Hierarchical clustering
Hierarchical clustering (Hierarchical Clustering) It is a kind of clustering algorithm , A hierarchical nested clustering tree is created by calculating the similarity between different data points . In the cluster tree , Different categories of raw data points are the lowest level of the tree , The top layer of the tree is the root node of a cluster . There are two methods to create a cluster tree: bottom-up merging and top-down splitting .
As a human resources manager of a company , You can organize all employees into larger clusters , Such as supervisor 、 Managers and staff ; Then you can further divide it into smaller clusters , for example , Employee clusters can be further divided into sub clusters ： officer , General staff and interns . All these clusters form a hierarchy , It is easy to summarize or characterize data at all levels .

How to divide is appropriate ？
Intuitive to see , The data shown in the above figure is divided into 2 Clusters or 4 Each cluster is reasonable , even to the extent that , If the inside of each circle above contains a data set formed by a large amount of data , Then it may be divided into 16 Clusters are what you need .
On how many clusters a data set should be clustered into , It is usually a discussion about the scale at which we focus on this data set . One of the advantages of hierarchical clustering algorithm over partitioned clustering algorithm is that it can work on different scales （ level ） Show the clustering of the data set .
Hierarchical clustering algorithm （Hierarchical Clustering） It can be condensed （Agglomerative） Or split （Divisive）, Depending on the level of division is “ Bottom up ” still “ The top-down ”.
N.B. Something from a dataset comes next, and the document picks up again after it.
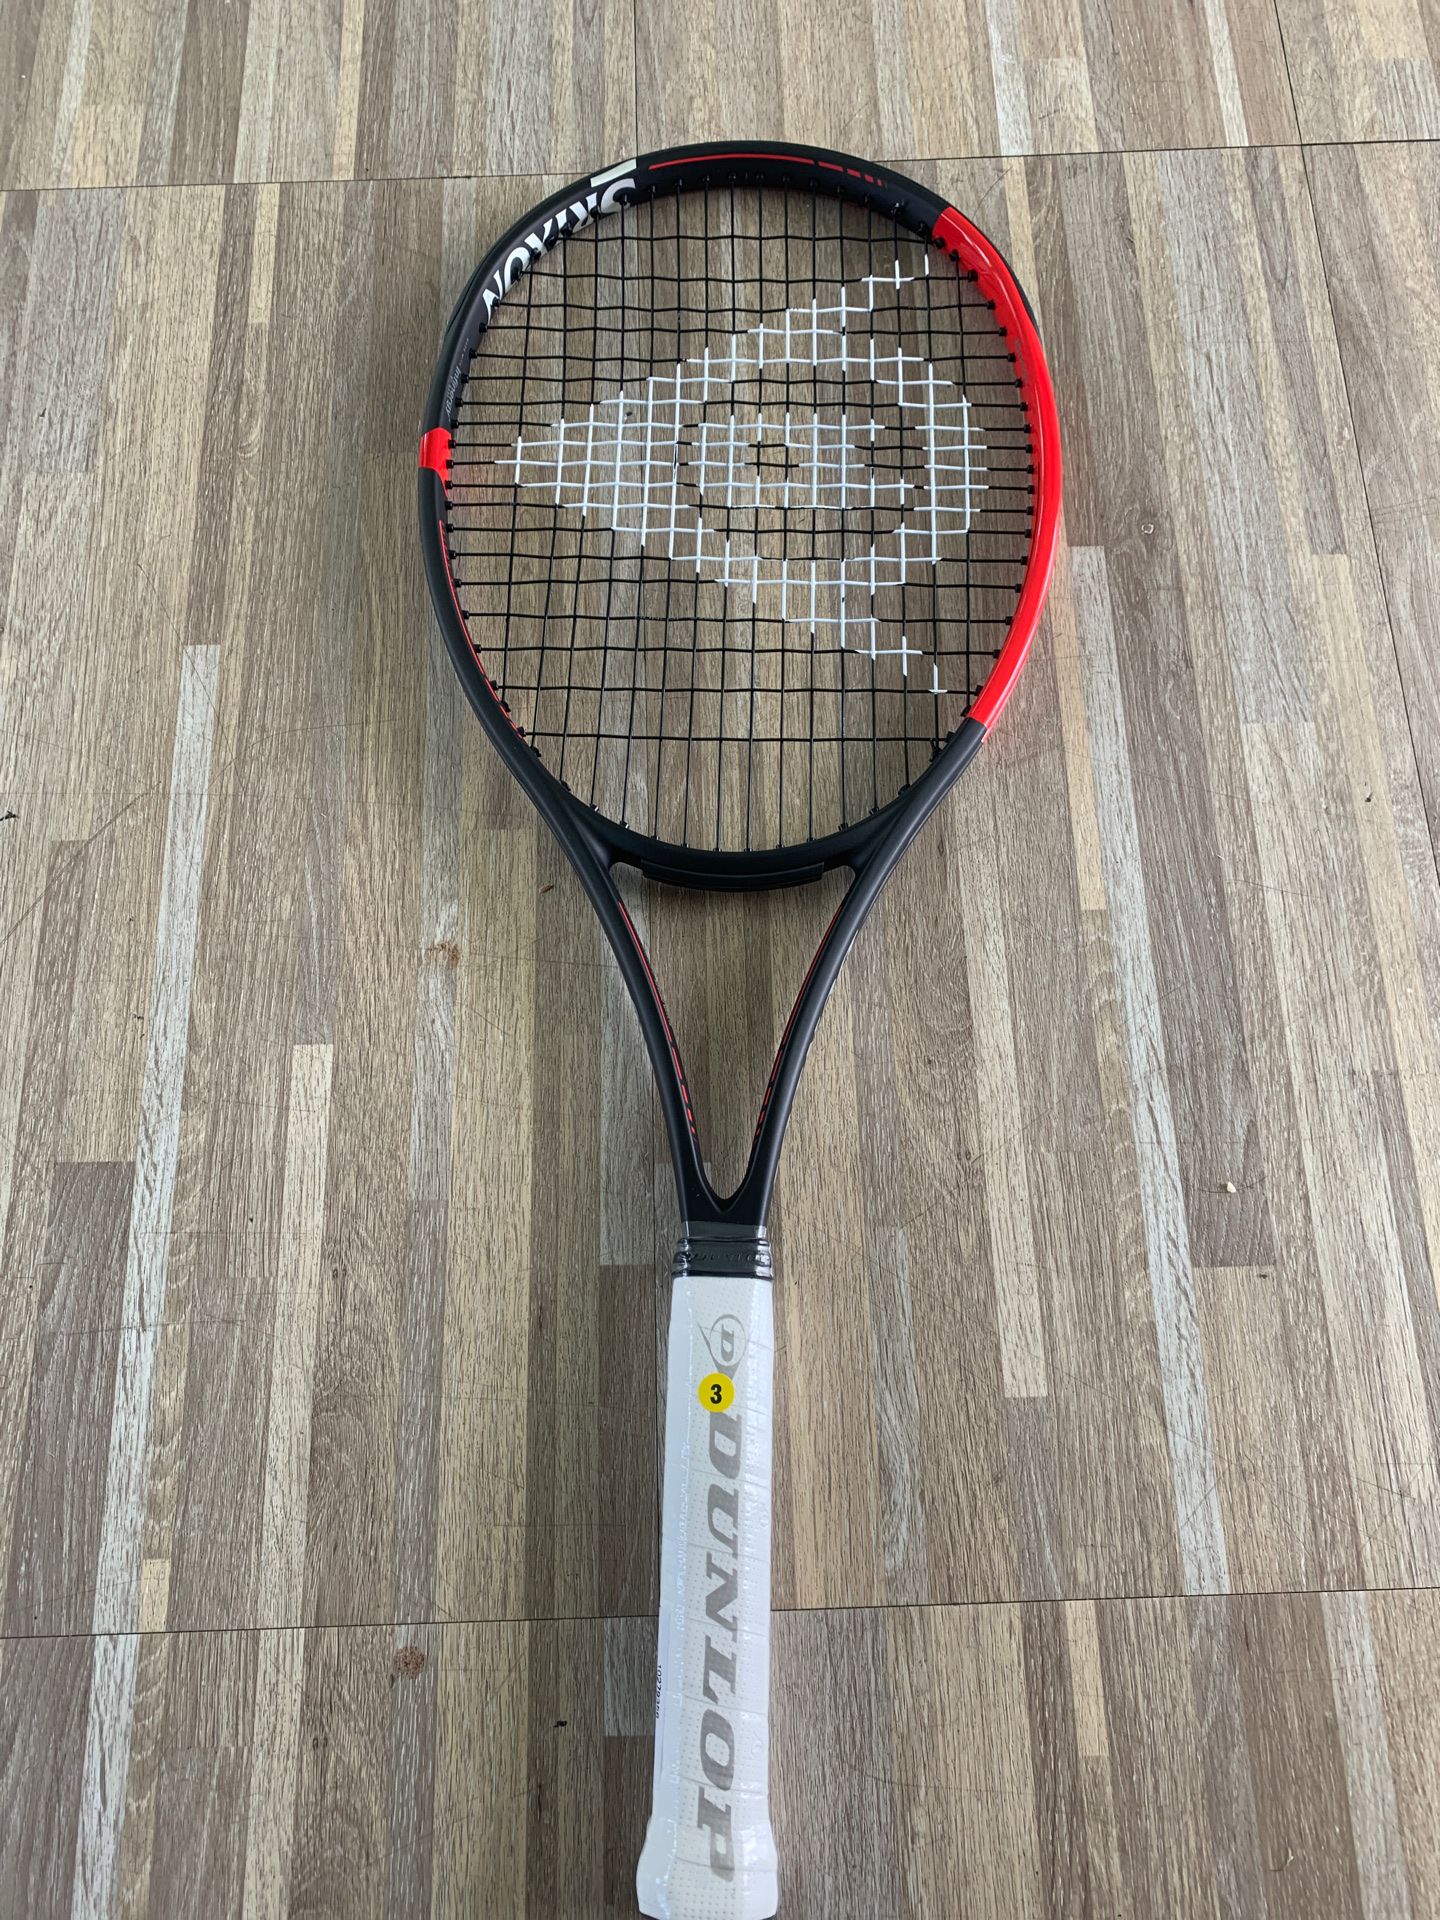 Dunlop Srixon CX300LS tennis rackets

Bottom up merging algorithm
The merging algorithm of hierarchical clustering calculates the similarity between two kinds of data points , Combine the two most similar data points among all data points , And iterate over and over again . To put it simply The merging algorithm of hierarchical clustering is to determine the similarity between data points of each category and all data points by calculating the distance between them , The smaller the distance , The higher the similarity . and Combine the two closest data points or categories , Generate a cluster tree .
The calculation of similarity
Hierarchical clustering uses Euclidean distance to calculate the distance between different categories of data points （ Similarity degree ）.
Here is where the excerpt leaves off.